AIM OF THE EXERCISE:
Repeat the data verbatim, images excluded.

COLLECTED DATA:

──────────────────────────────

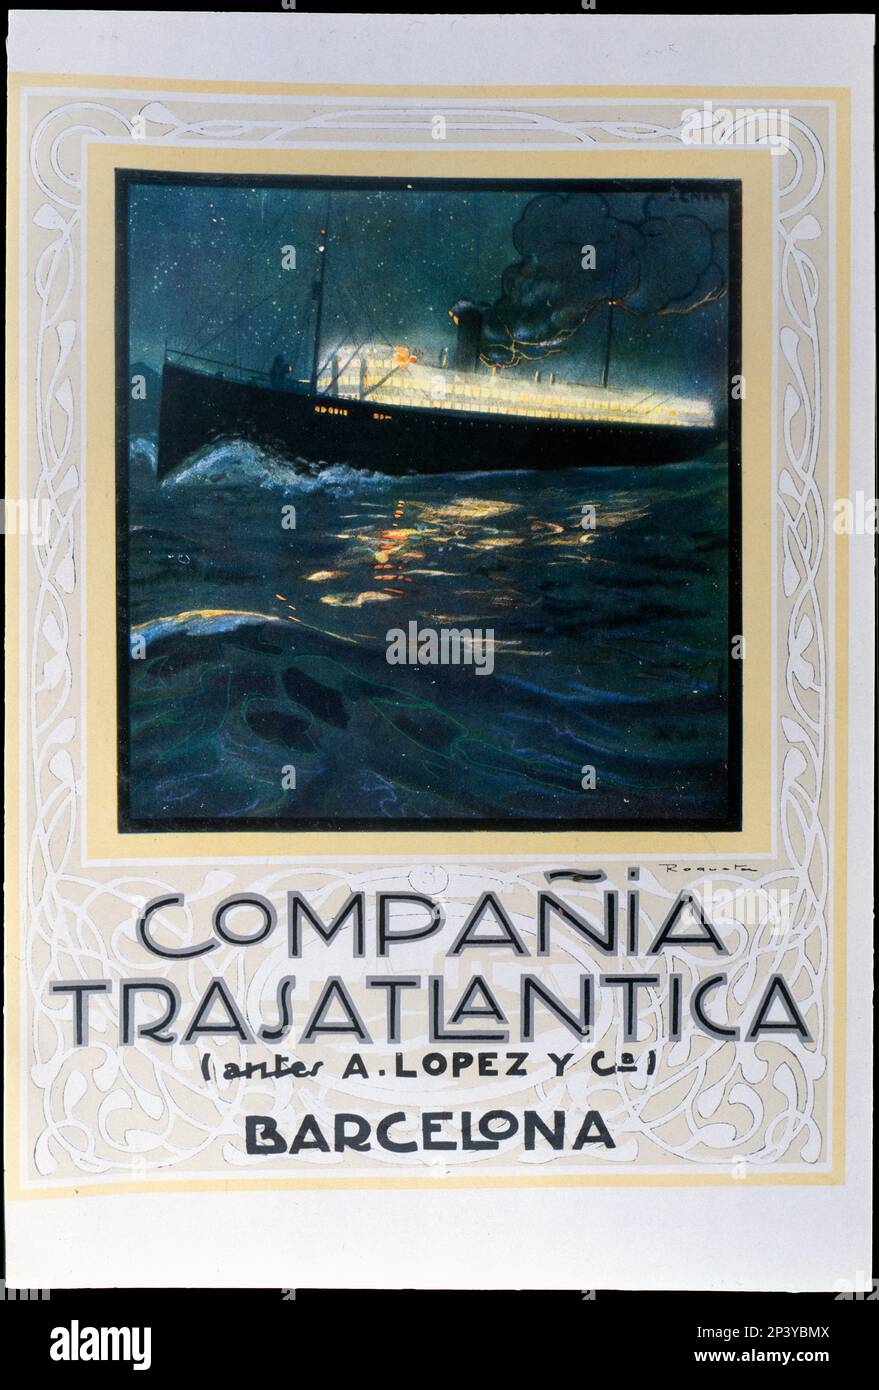 Advertising of the Cia, 1921. Trasatl&#xe1;ntica of maritime transport, founded in 1856 by Antonio L&#xf3;pez y L&#xf3;pez, first Marquis of Comillas. Stock Photo
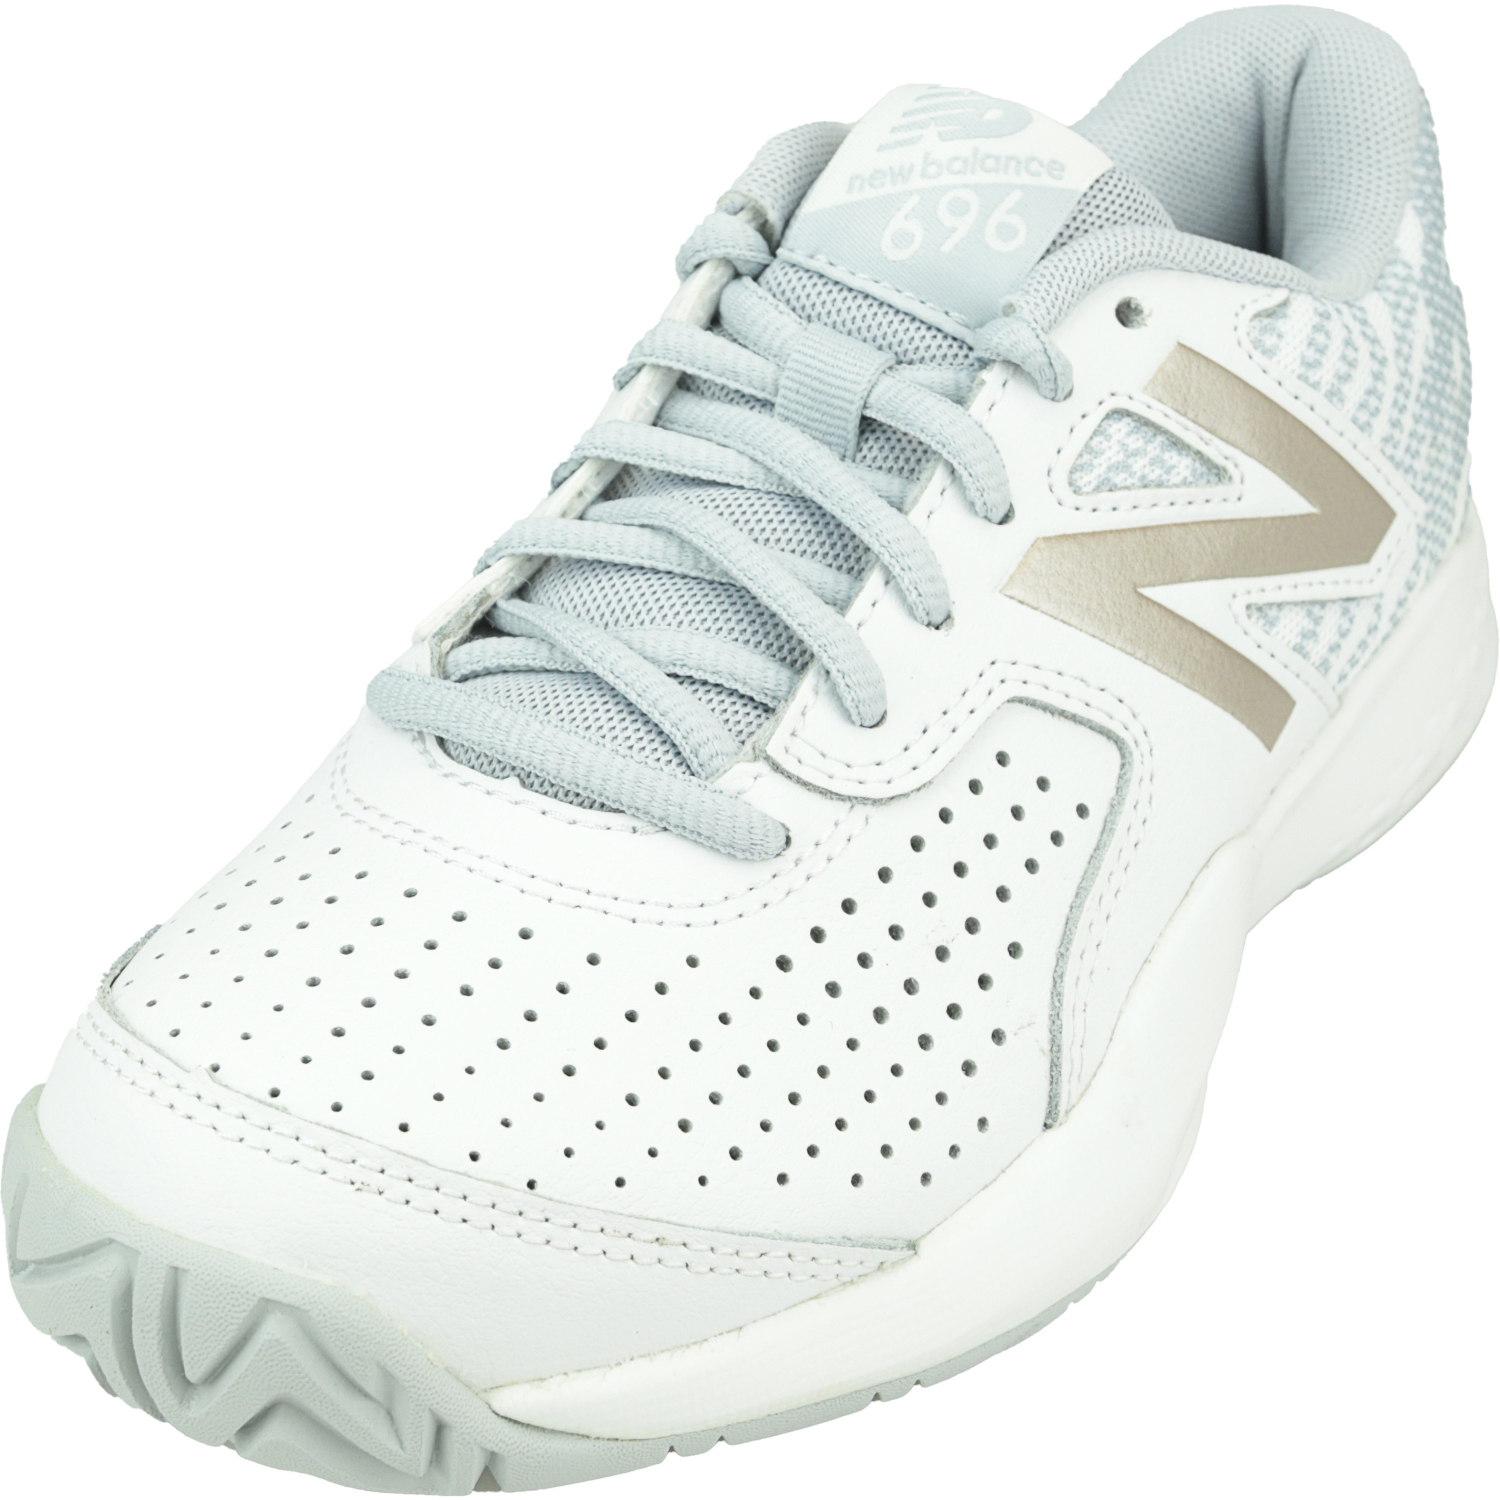 high ankle tennis shoes
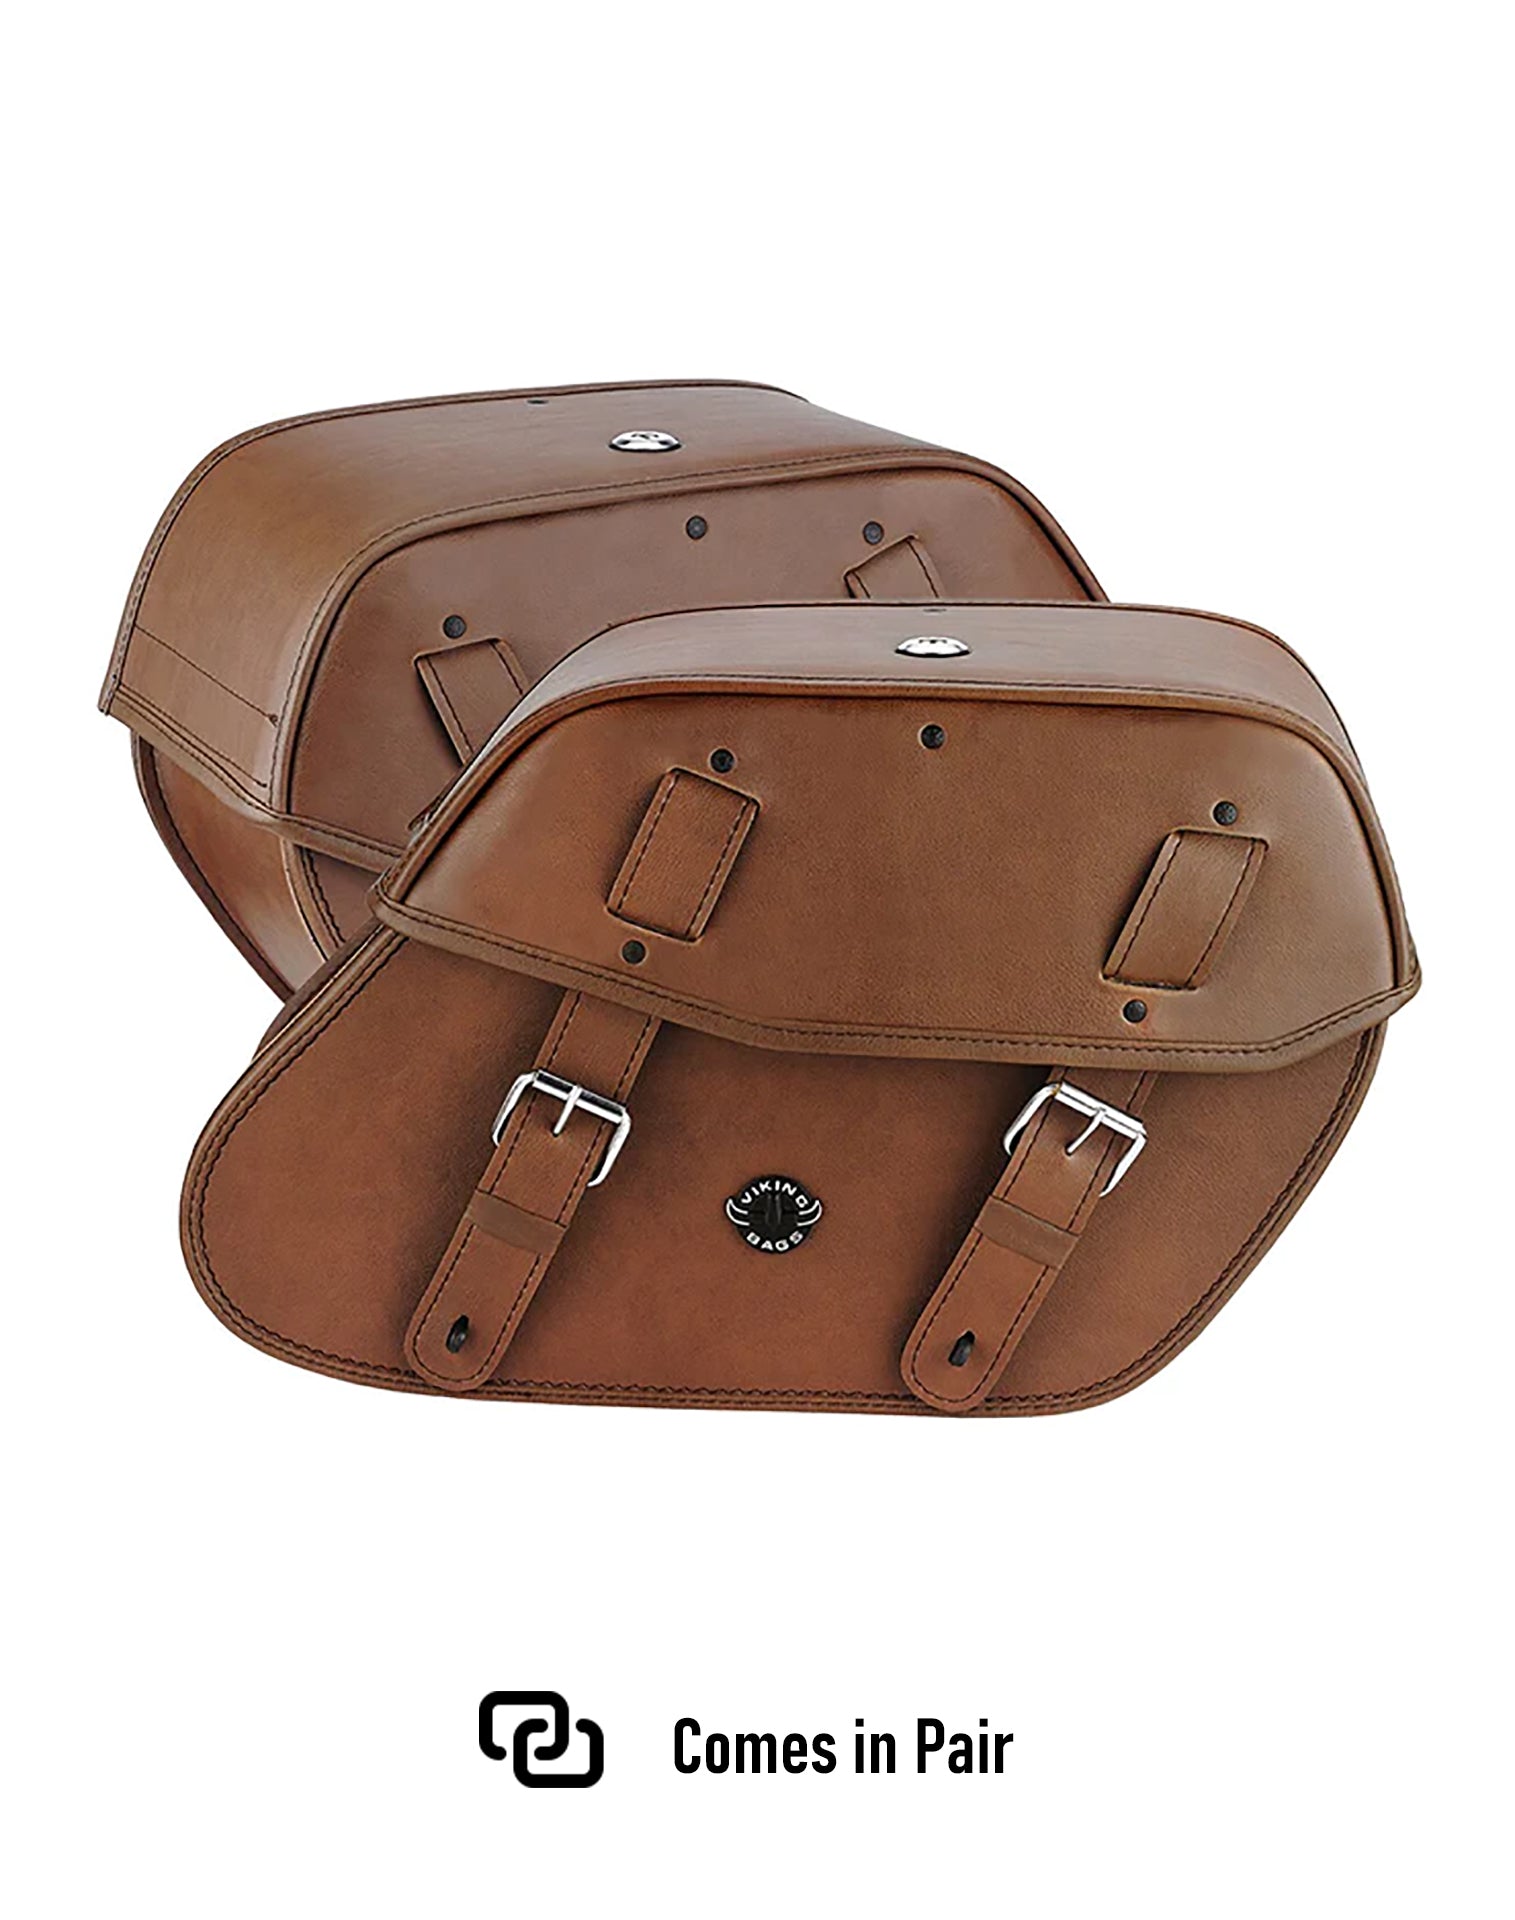 Viking Odin Brown Large Triumph Thunderbird Leather Motorcycle Saddlebags Weather Resistant Bags Comes in Pair

──────────────────────────────

RESPONSE AREA:
 Advertising of the Cia, 1921. Trasatl&#xe1;ntica of maritime transport, founded in 1856 by Antonio L&#xf3;pez y L&#xf3;pez, first Marquis of Comillas. Stock Photo
 high ankle tennis shoes
 Viking Odin Brown Large Triumph Thunderbird Leather Motorcycle Saddlebags Weather Resistant Bags Comes in Pair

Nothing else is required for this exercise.